A historically correct but tonally jarring aspect of the pilot involves Damiens’ attempted regicide — first, his attempt on the king’s life and then his torture and execution via drawing and quartering. Anyone who has read Michael Foucault’s book Discipline and Punish cannot forget that the very brutal execution of Damiens is the opening anecdote. As a result, I spent a lot of the Casanova episode distracted not just by Foucault’s theories of the prison (ever-relevant today) and the carceral, but also in recalling the extremely gruesome description of this death that opens his book. Giacamo Casanova actually witnessed the execution and wrote about his disgust in his memoirs, a fact which interested me far more in the historical figure than the show did.

A second hurdle for me came in the form of Heath Ledger. Perhaps you remember Lasse Hallström‘s very silly 2005 adventure comedy, Casanova, which starred Ledger and Sienna Miller. It has a glowing “44% fresh” rating on Rotten Tomatoes, but I swear, it’s a charming film, one that at its best recalls Errol Flynn, which is exactly what this whole genre is going for. Diego Luna may be more appropriately caddish, sultry, and Italian-seeming than Ledger, but the material he’s working with is, for the time being, less juicy.

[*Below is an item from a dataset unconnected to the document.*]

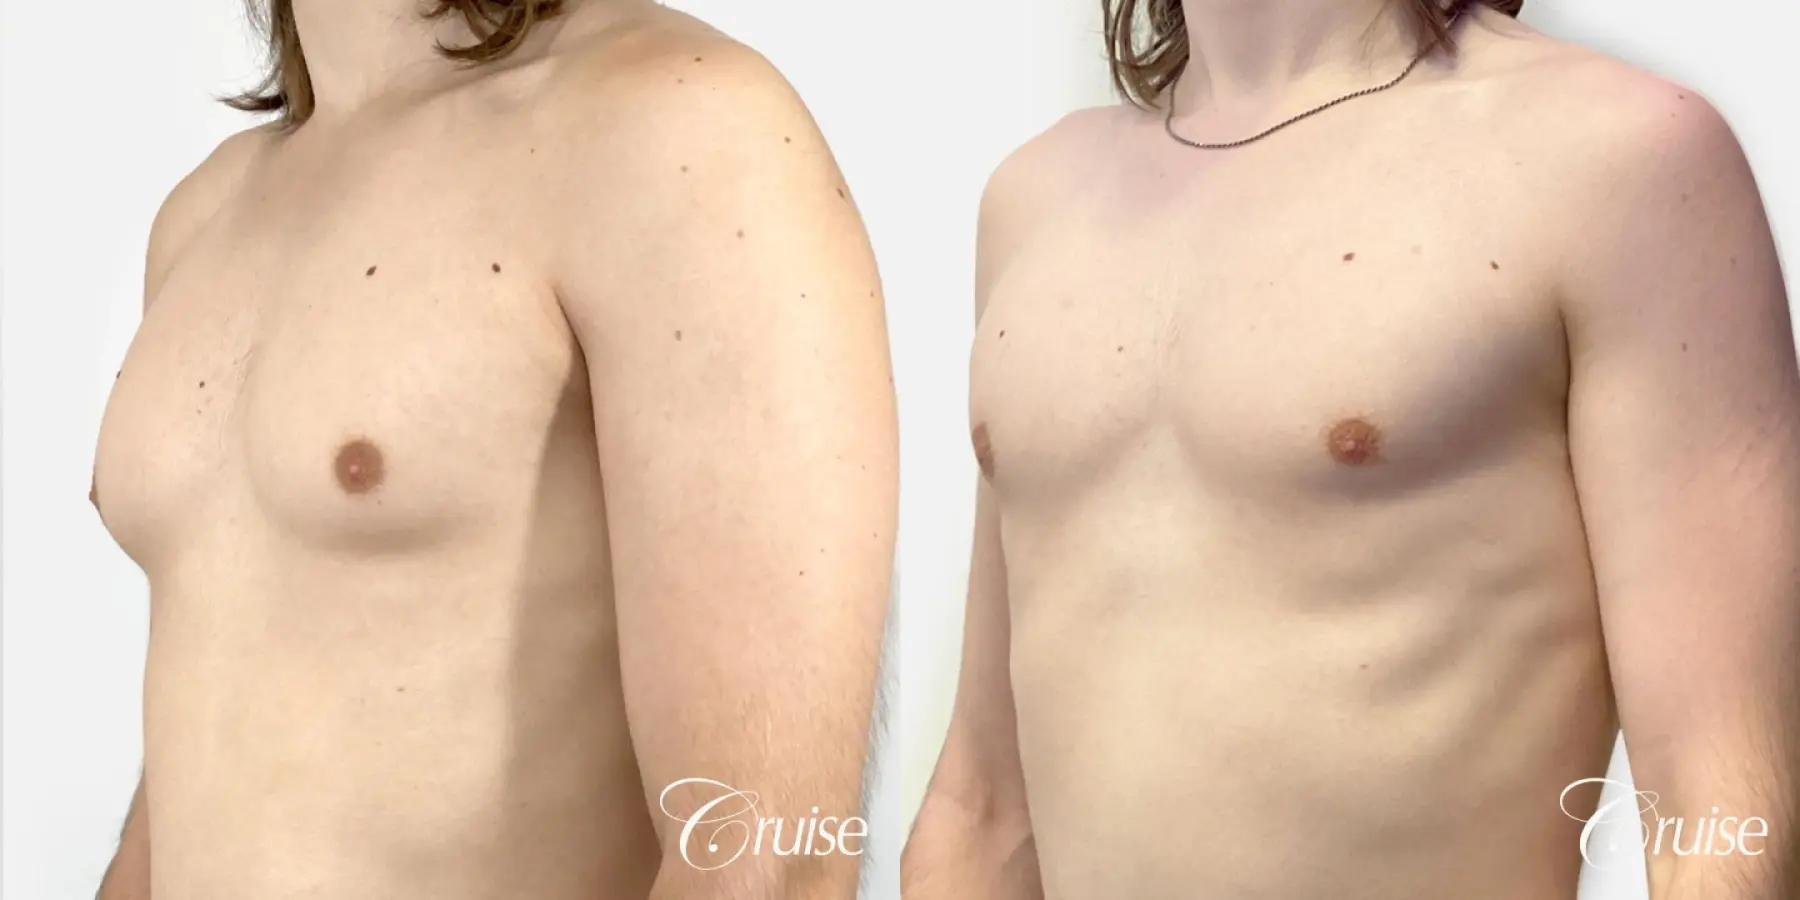 Type 1 Gynecomastia Removal - Before and After 2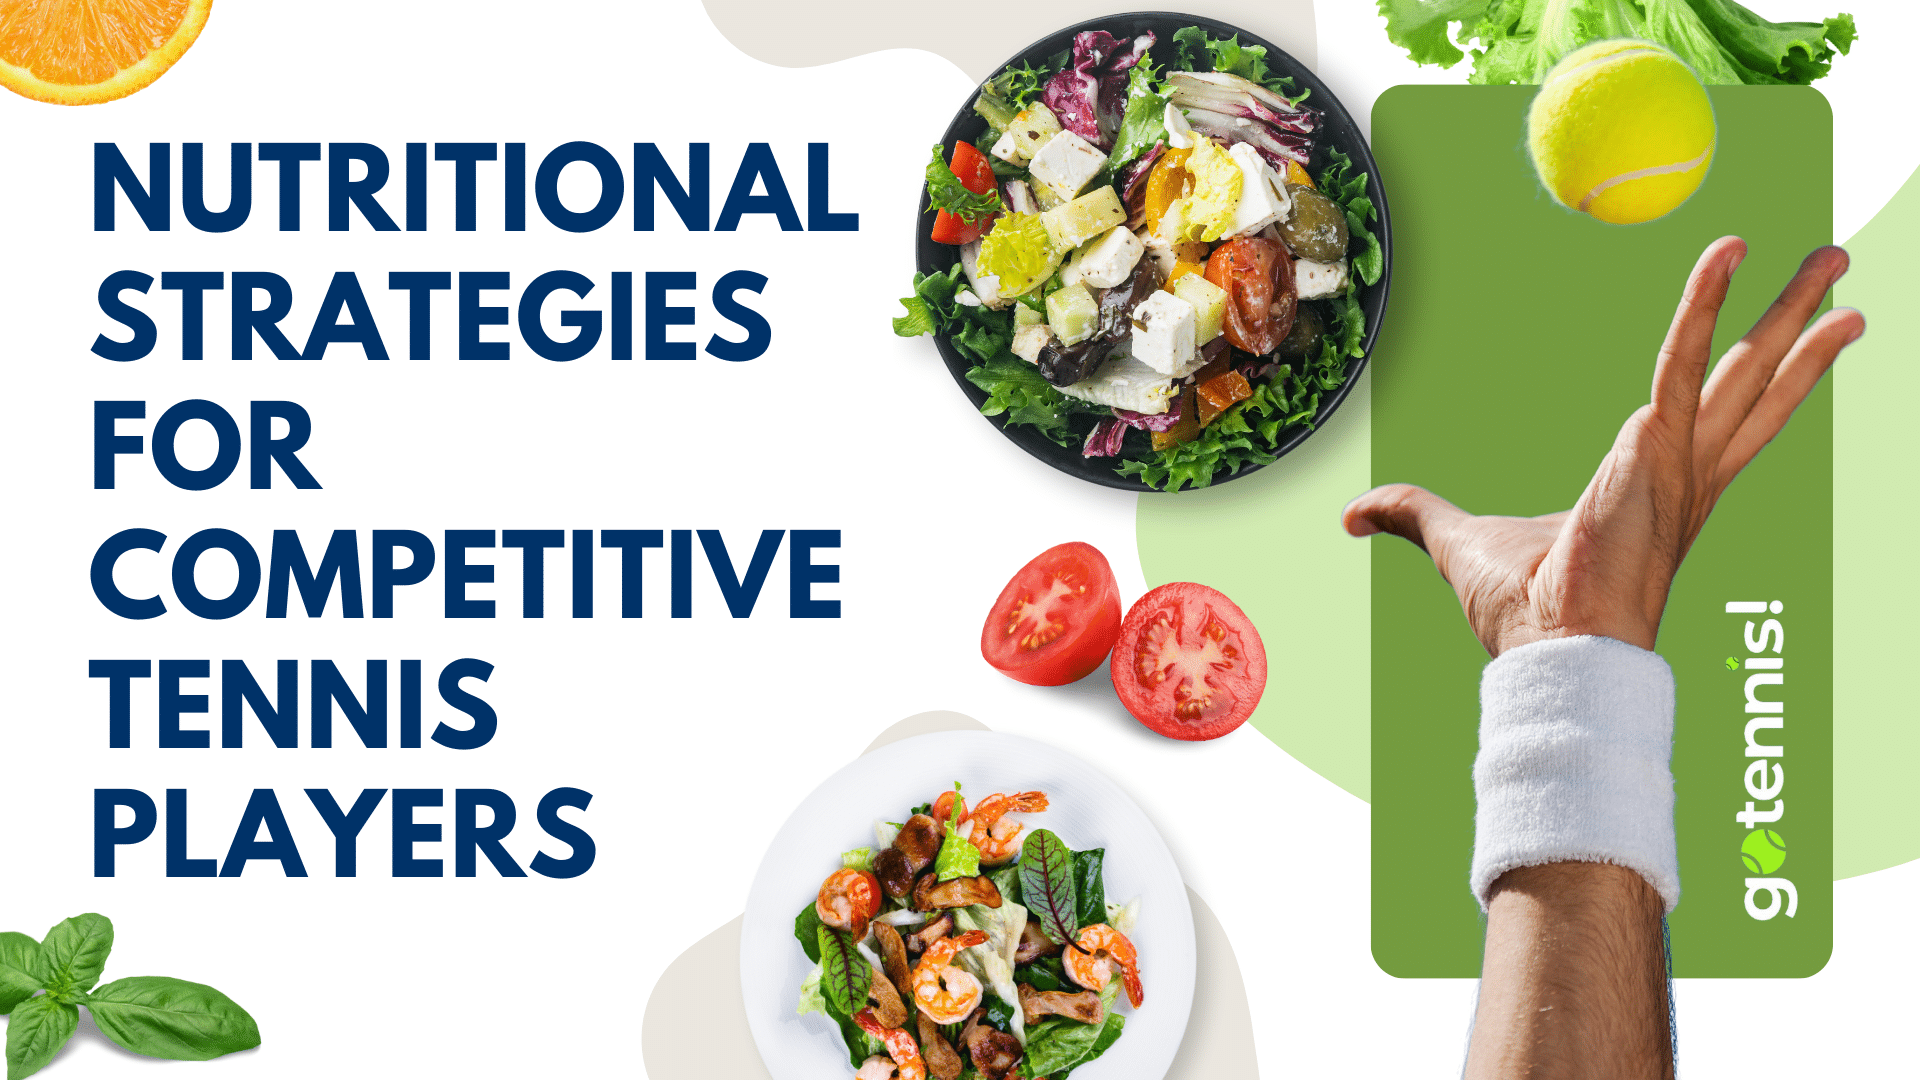 Nutritional Strategies For Competitive Tennis Players

Most viewers of this Casanova are not going to be distracted by philosophers’ tracts on punishment or old romantic comedies, to be fair. The question, given that this is a mere a pilot of uncertain fate, is: does this hour have enough promise to merit a full-season commitment? It’s hard to wager. If Amazon, like most of the women of Europe, decides to go all the way with Casanova (see what I did there?), the series will probably improve and find its own niche, and it might even turn out to be excellent. But that doesn’t change the fact that the pilot can’t quite pull off a seduction.